── DATA SECTION

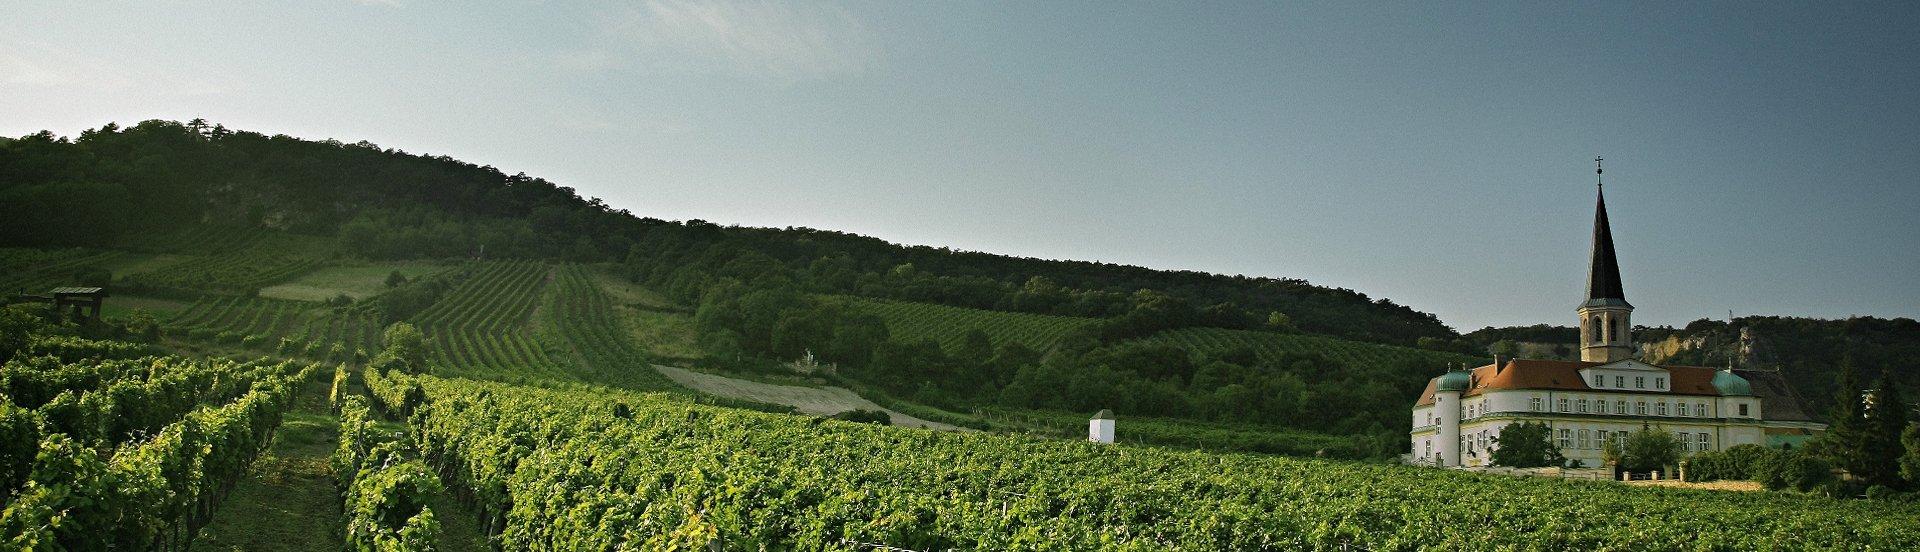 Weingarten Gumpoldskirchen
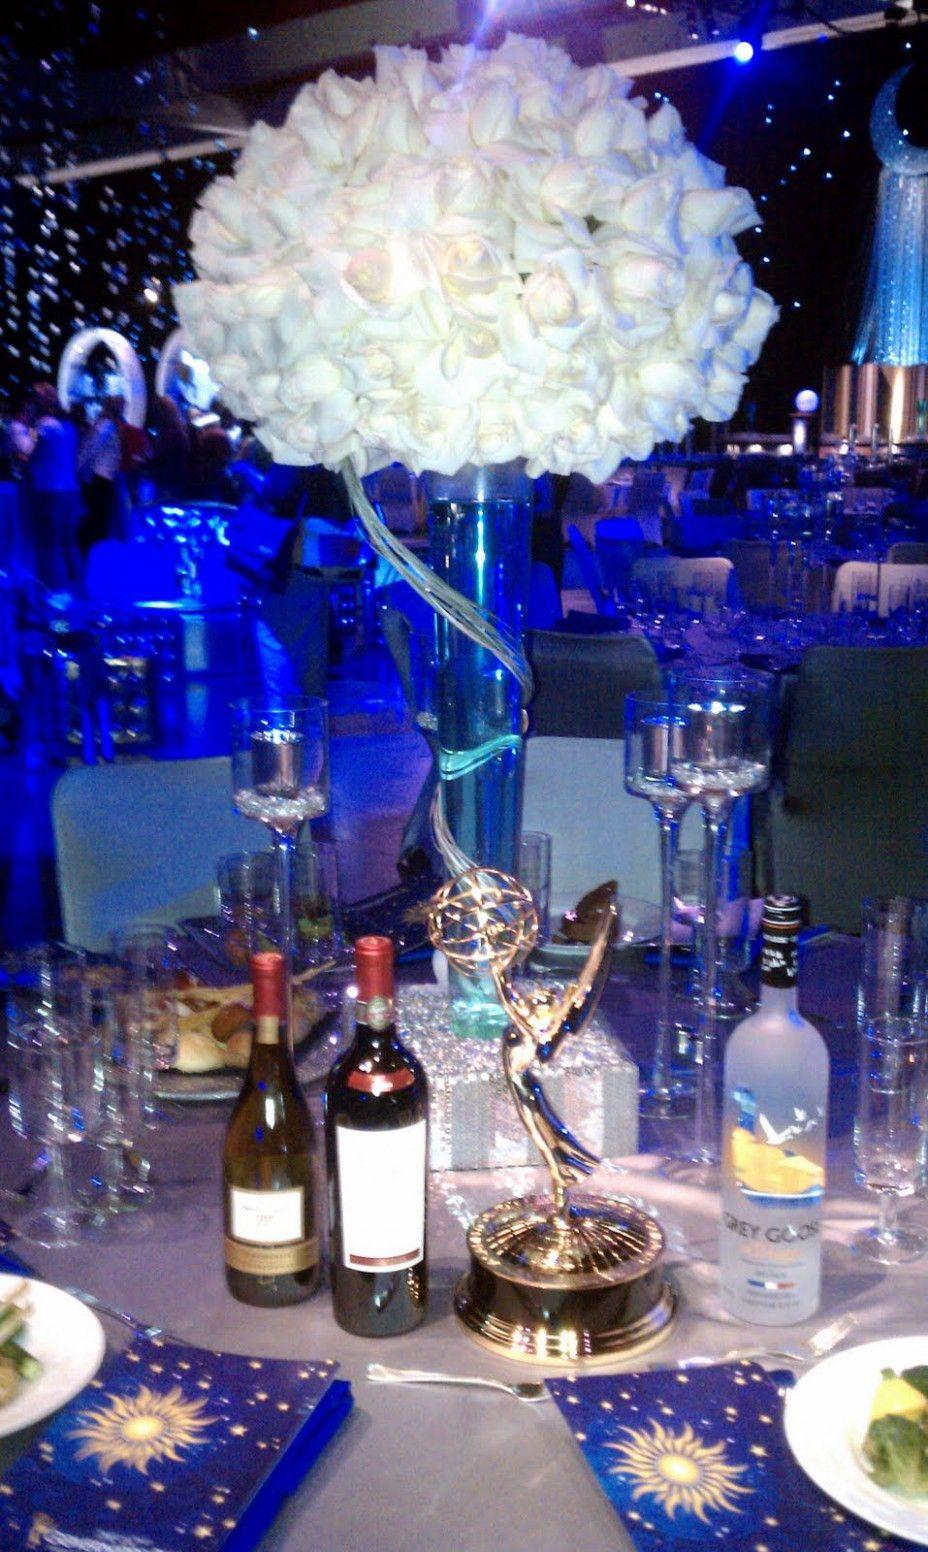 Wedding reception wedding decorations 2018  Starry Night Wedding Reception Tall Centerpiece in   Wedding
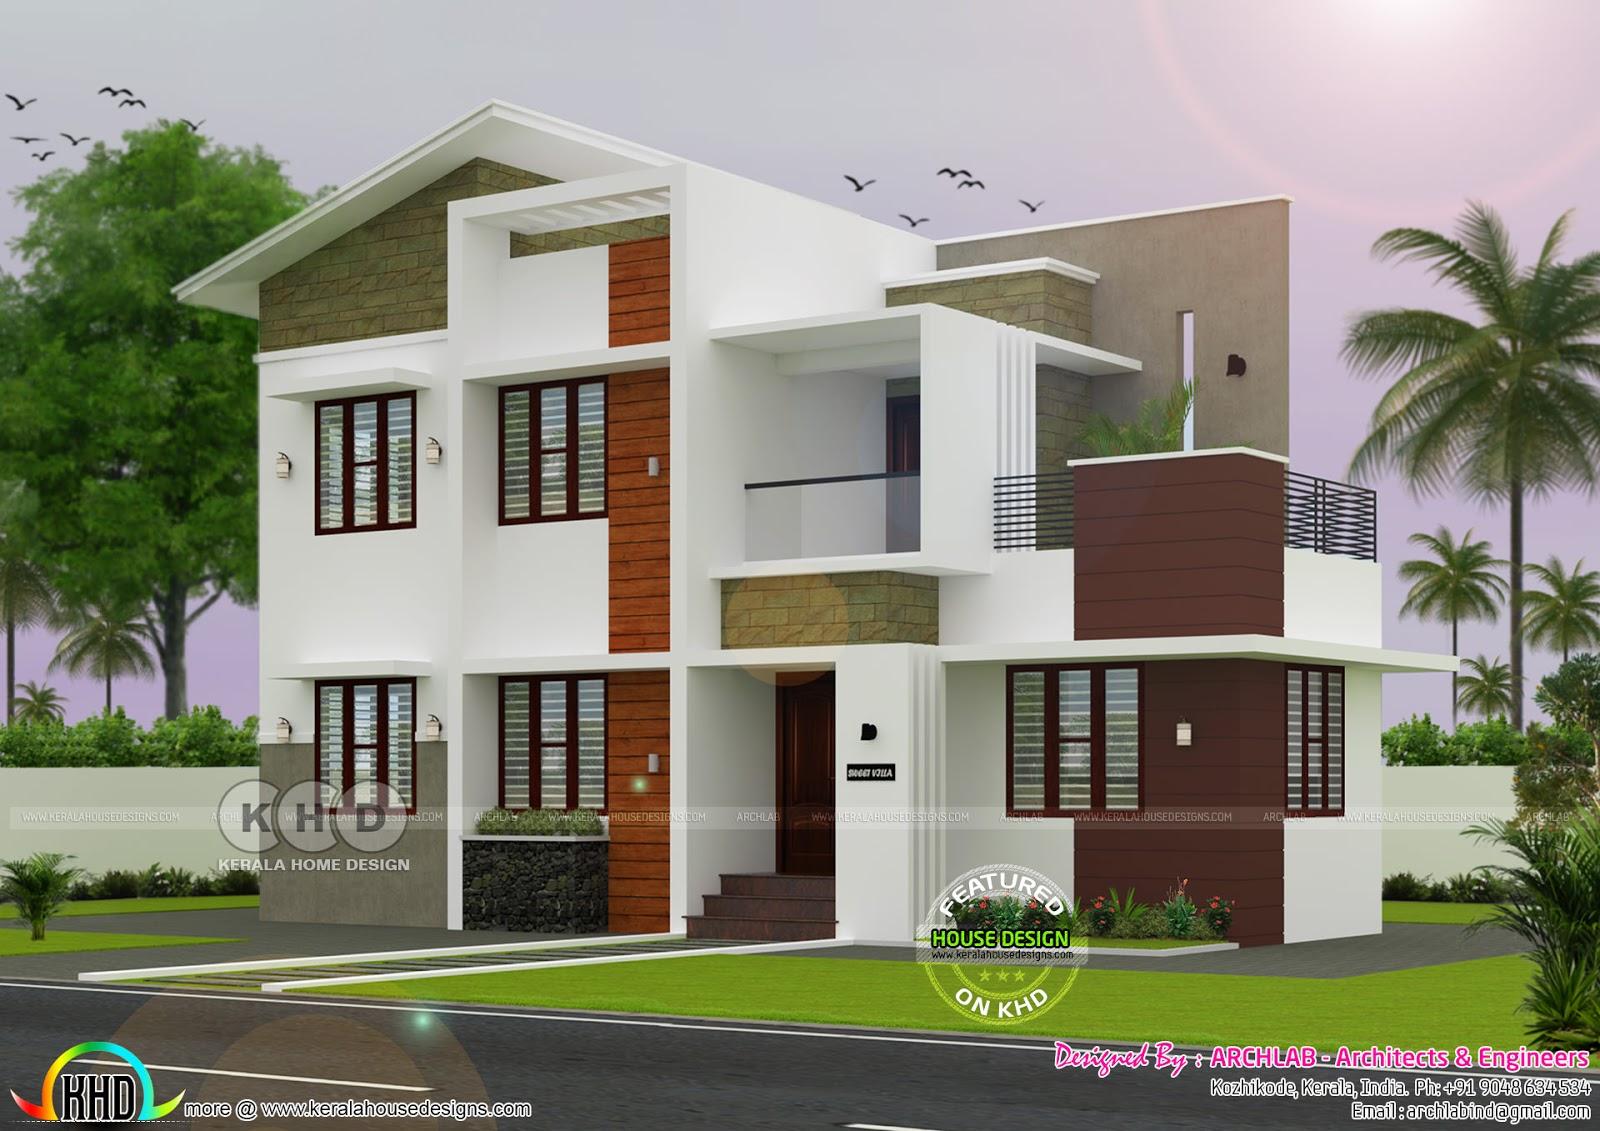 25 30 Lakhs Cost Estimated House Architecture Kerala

────

> ACTIVITY
I'd like the material duplicated exactly, without its pictures.

> EXERCISE OUTPUT
 Weingarten Gumpoldskirchen
 Wedding reception wedding decorations 2018  Starry Night Wedding Reception Tall Centerpiece in   Wedding
 25 30 Lakhs Cost Estimated House Architecture Kerala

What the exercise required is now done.